Lee Barnathan for The National Business Post
July 14, 2022
In 2019, the Charles Schwab Corporation released a survey’s startling results: 59% of Americans are one paycheck away from experiencing homelessness.
Since COVID-19, that number most likely has gone up.
In Los Angeles County, the last homeless count, taken in 2020, totaled 66,436 people, an increase of 13%. The 2022 survey has been taken, but the results will not be out until later this summer, and the numbers are expected to rise again. There is no “one size fits all” in the quest to help the homeless, but an app called Samaritan was launched in Seattle in 2016 and gives community members a cashless way to give directly to an unhoused individual via a smartphone. It is also now in use in Denver, Orange County (Calif.), Portland, Ore., Riverside and San Bernardino, Calif., and came to Los Angeles a year ago.

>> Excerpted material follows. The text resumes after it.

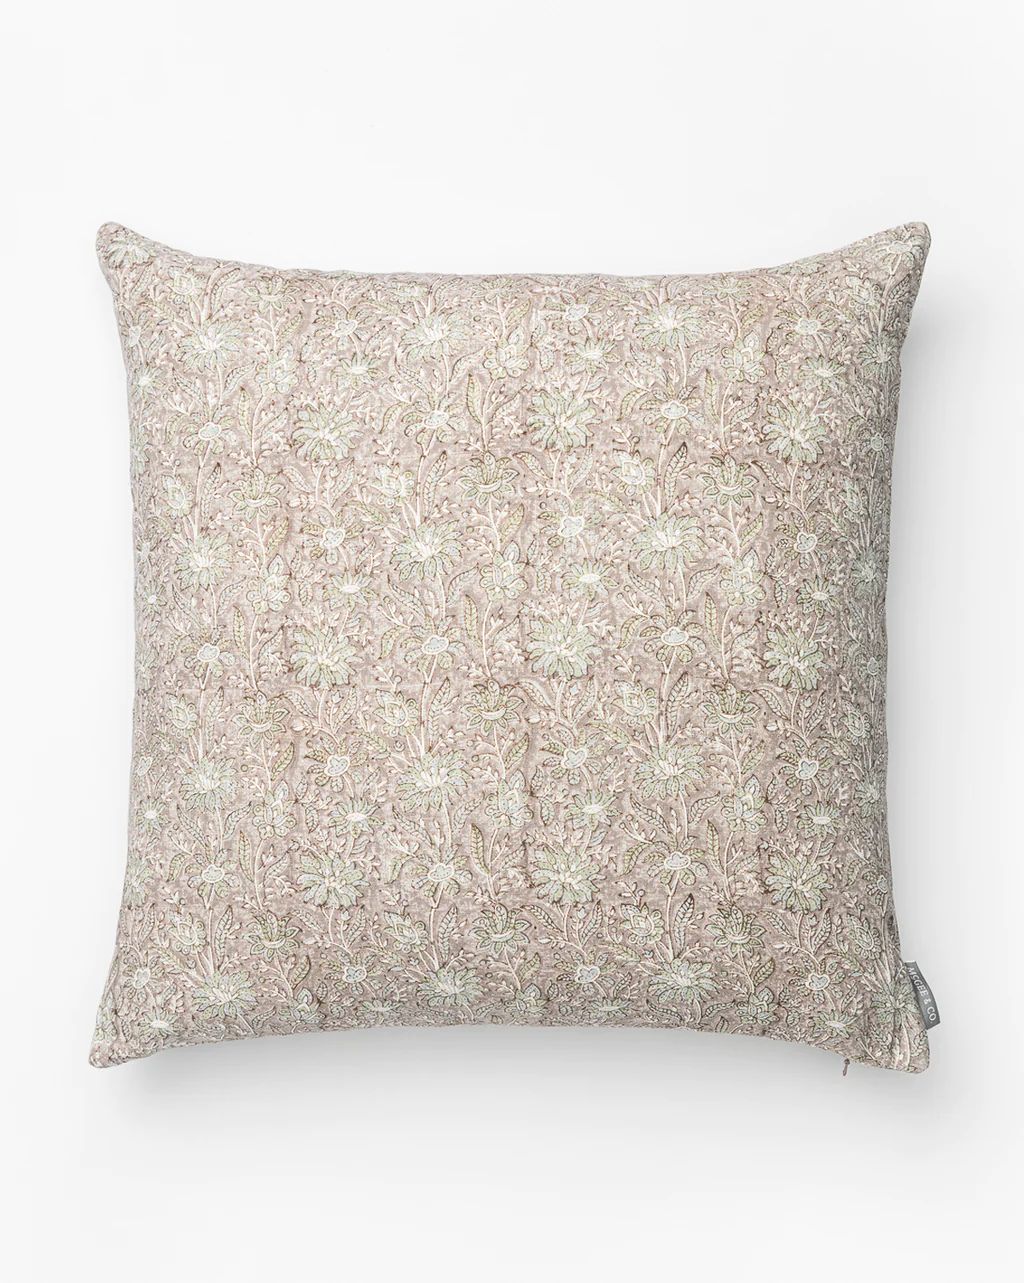 Opal Pillow Cover | McGee & Co.

It is easy to use. Download the app, and find an individual to learn about and support them toward their goals—financially or through an encouraging note.
Bill Greco, who lives in the South Bay area of Los Angeles, had read about Samaritan’s success in Seattle and aided in its launch in LA.

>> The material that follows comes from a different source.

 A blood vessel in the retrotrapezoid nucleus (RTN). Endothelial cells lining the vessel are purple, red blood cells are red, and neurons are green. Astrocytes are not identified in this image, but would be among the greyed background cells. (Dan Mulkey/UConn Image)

Donations from the app often come in small amounts of $10 to $30. The public’s messages of encouragement come more frequently: 479 times have people reached out to Samaritan Members. Ashish Pamula, Growth Lead at Samaritan, is encouraged by the app’s ability to reach out to donors who have made a contribution…and remind them it’s “been a while” since they last had a conversation with an individual who may not have a stable home. This ‘ping’ has resulted in the ability for Samaritan Members (enrolled clients) to take back agency on telling their own story.

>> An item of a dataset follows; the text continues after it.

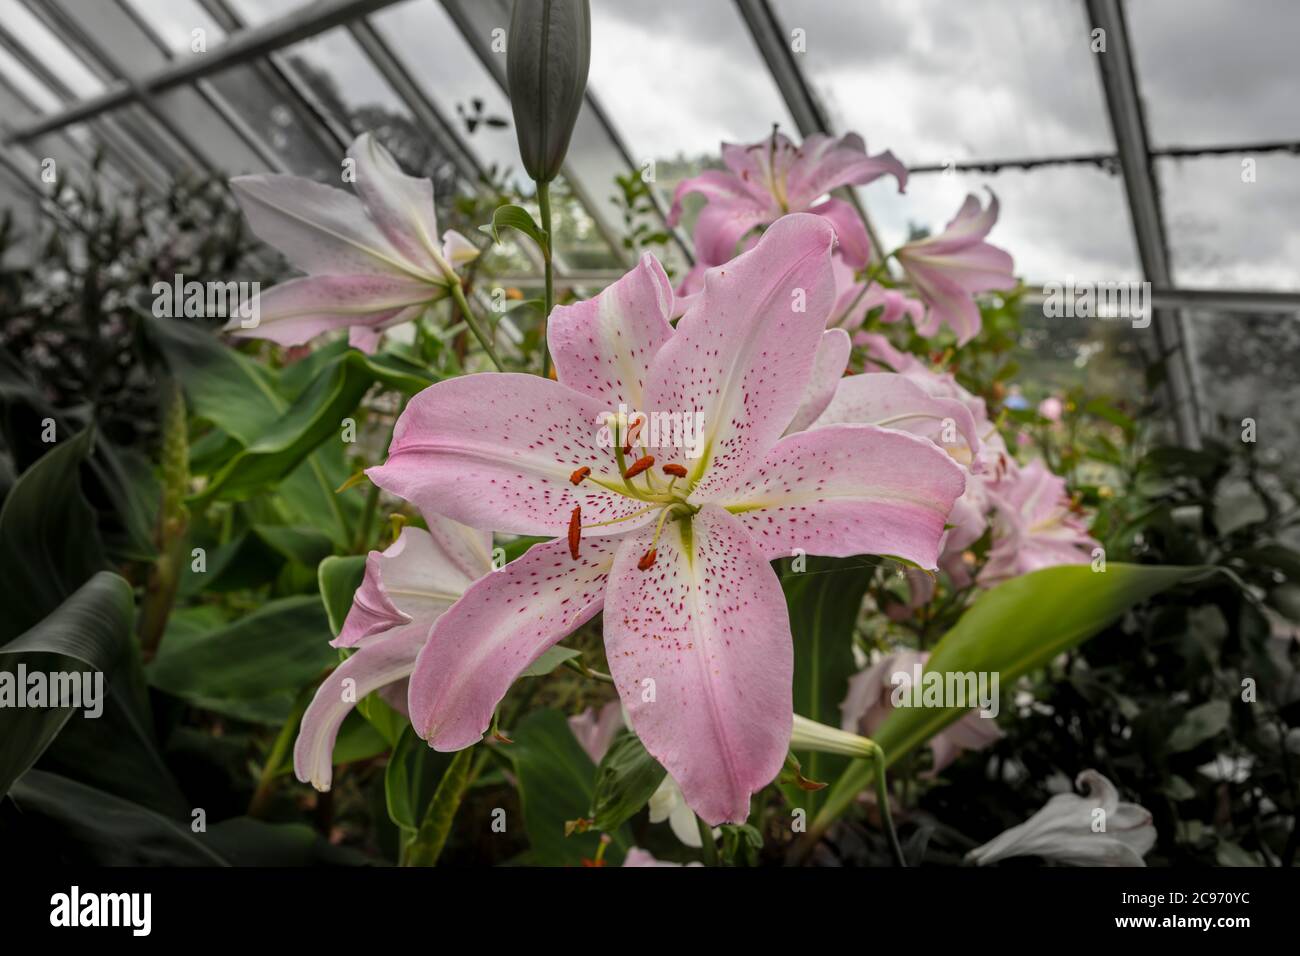 Large fragrant pink lily flower in hot house. Stock Photo

“It’s the timeliness of the donations that rings the loudest bell: 90% are spent on survival needs that are desperately needed by the homeless. The donations can get them closer to being sustainable and back into the community” Greco explains.
According to a quality-of-life questionnaire used by care providers through the Samaritan platform, at least four other Samaritan Members were able to increase their access to healthy food, transportation, utilities, social support, and income. “There’s compassion…There’s empathy,” Greco adds. “It changes our perceptions of the homeless. It gives these people a face, a voice.”
But Greco wanted to give the app a jolt…and his association with a one-time homeless man named Gerald Thompson and Gerald’s remarkable personal journey that paved the way.
Thompson, 76, has always hustled and always worked hard. In his past, that served him well in a life of crime that included burglary, robbery, and drugs (he said he was arrested 30 times and spent about nine and a half years incarcerated).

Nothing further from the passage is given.